Another military data breach we never heard about? (updated)
Back in July 2007, we learned that Science Applications International Corp. (SAIC) had been transmitting unencrypted data on 600,000 military personnel and their dependents. At the time, we were told that although it was a “possibility,” there was no evidence that anyone had hacked in or accessed the data.
Why, then, did an analyst for the Department of Homeland Security recently tell a workshop at the National Institute of Standards and Technology that foreign computer hackers — primarily from Russia and China — are attempting to steal U.S. health care records and mention, in that context, a military health system containing Tricare records being hacked in April 2007?
Was there an April 2007 hack involving Tricare that was never disclosed to the public?
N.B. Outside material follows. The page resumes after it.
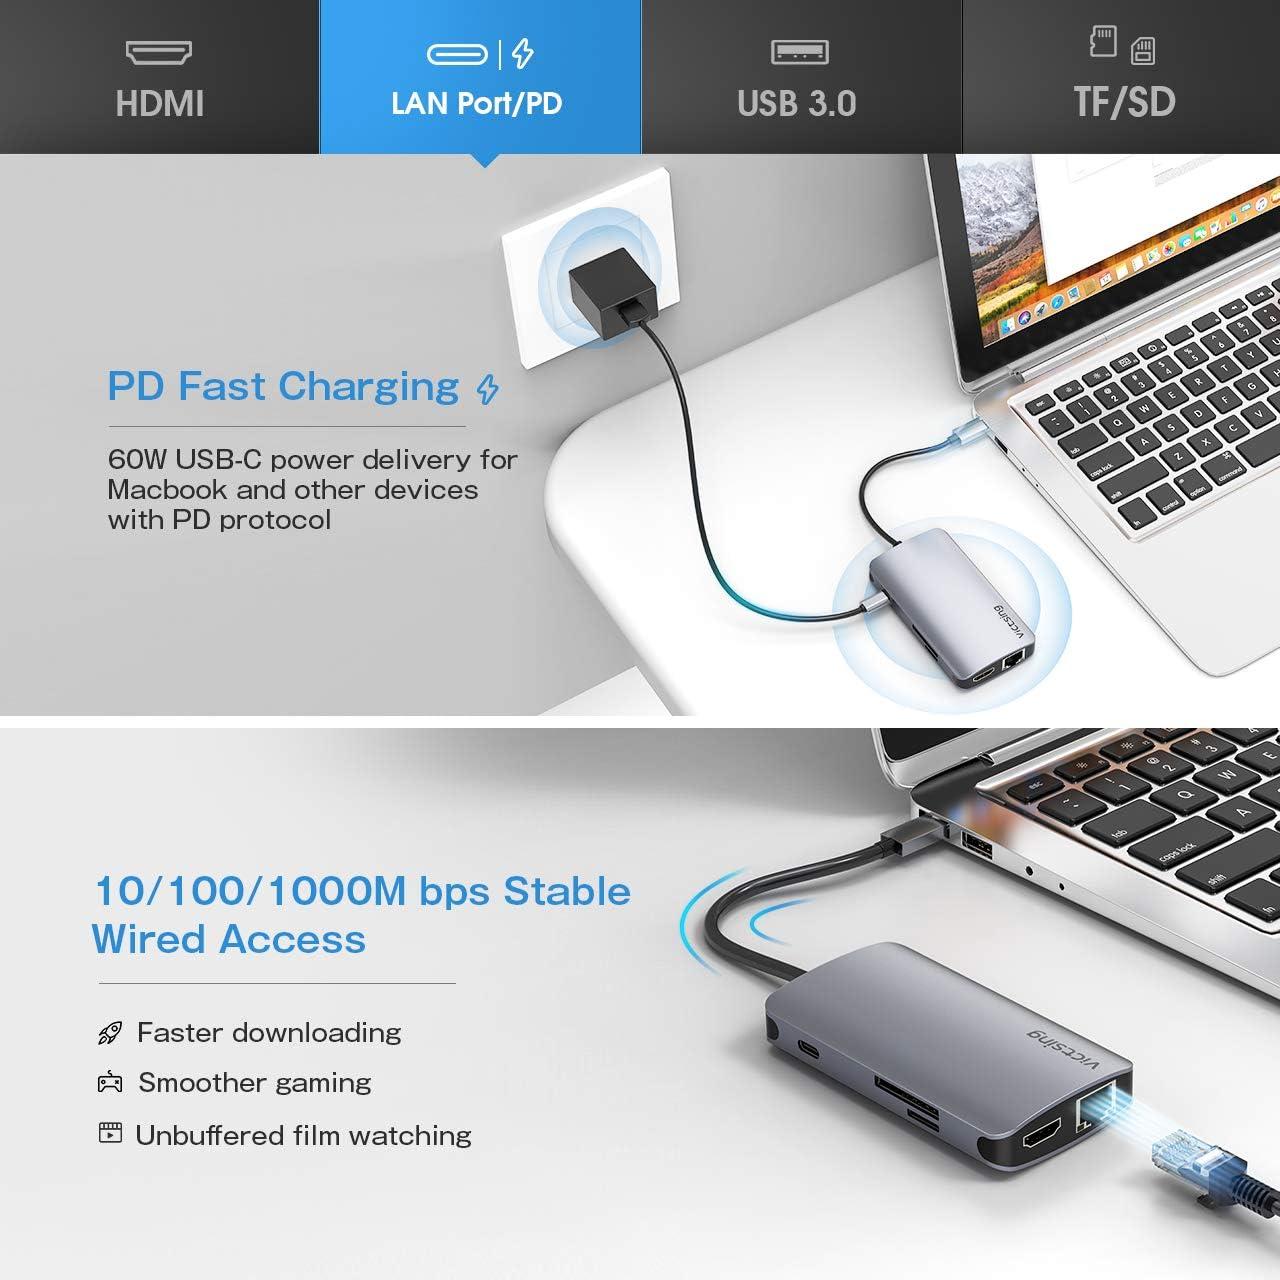 Dell XPS USB C Hub Lenovo ASUS 3 USB 3.0 Ports VicTsing 8-in-1 Type C Hub with Gigabit Ethernet SD//TF Card Reader 4K HDMI Chromebook USB C Charging for MacBook Pro

Or is this the same SAIC incident where we were told that there was no evidence of any access?
What’s going on here?
And of course, why would foreign hackers want to steal U.S. health care records? That’s certainly cause for concern, if it is true.
Update of Jan. 29th:
As a follow-up to the questions raised above, I contacted the Dept. of Homeland Security to request clarification. A DHS spokesman informed me that:
1. For any particular hack, it’s often impossible to know exactly the location of the hacker, so the headline in the Government Health IT story should have read “Hackers” and not “Foreign hackers;”
2. The statement that hackers had been focused on the [Dept. of Defense] and were now branching out to the healthcare private sector was inaccurate as the DHS does not have enough information to make this assessment;
3. If hackers were to try to access healthcare records, it could be for any one of a number of reasons: for purposes of blackmail, for fraud, for espionage, for revenge, or to gain a strategic advantage;
4. At this time, the DHS has no knowledge of any attempts to hack networks for the express purpose of obtaining health records;
5. The DHS does not have, and is not interested in developing, a database of health information system intrusions, as reported in the original news story; and
6. The TRICARE incident referred to in the original story was, indeed, the SAIC incident reported in July 2007, and as had been reported on PogoWasRight.org and in a subsequent American Forces Press Service release, there was exposure due to lack of firewall but no evidence of a hack. Referring to the incident as a hack was an error.
Thanks to the DHS for clarifying this.
We posted about this last week – http://securitymusings.com/article/234/foreign-hackers-and-your-health-care-data – and glad to see these clarifications and corrections. I’ve added a comment to our story to link back here. Thanks for the digging with DHS to clarify.
You’re welcome. What I thought odd was that when Bruce posted the story, I commented on it on his blog and linked to the clarification, but despite that, people continued to discuss the original story as if it hadn’t been corrected. I guess it’s more fun to speculate, at times.